§ DATA SHOWN:
--

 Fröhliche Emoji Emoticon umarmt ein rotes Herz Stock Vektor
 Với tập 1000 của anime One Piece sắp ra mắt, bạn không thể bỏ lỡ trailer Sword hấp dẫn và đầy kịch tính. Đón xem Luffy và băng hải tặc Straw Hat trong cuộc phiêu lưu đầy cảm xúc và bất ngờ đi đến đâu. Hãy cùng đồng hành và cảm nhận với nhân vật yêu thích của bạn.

--

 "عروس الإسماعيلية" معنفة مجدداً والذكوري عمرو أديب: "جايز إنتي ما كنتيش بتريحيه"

--

§ PROBLEM DETAILS: Word for word, restate the lines of the data above that fall between the line holding "Fröhliche Emoji Emoticon" and the line holding "Với tập 1000", inclusive, and no other lines.

§ TASK OUTPUT:
 Fröhliche Emoji Emoticon umarmt ein rotes Herz Stock Vektor
 Với tập 1000 của anime One Piece sắp ra mắt, bạn không thể bỏ lỡ trailer Sword hấp dẫn và đầy kịch tính. Đón xem Luffy và băng hải tặc Straw Hat trong cuộc phiêu lưu đầy cảm xúc và bất ngờ đi đến đâu. Hãy cùng đồng hành và cảm nhận với nhân vật yêu thích của bạn.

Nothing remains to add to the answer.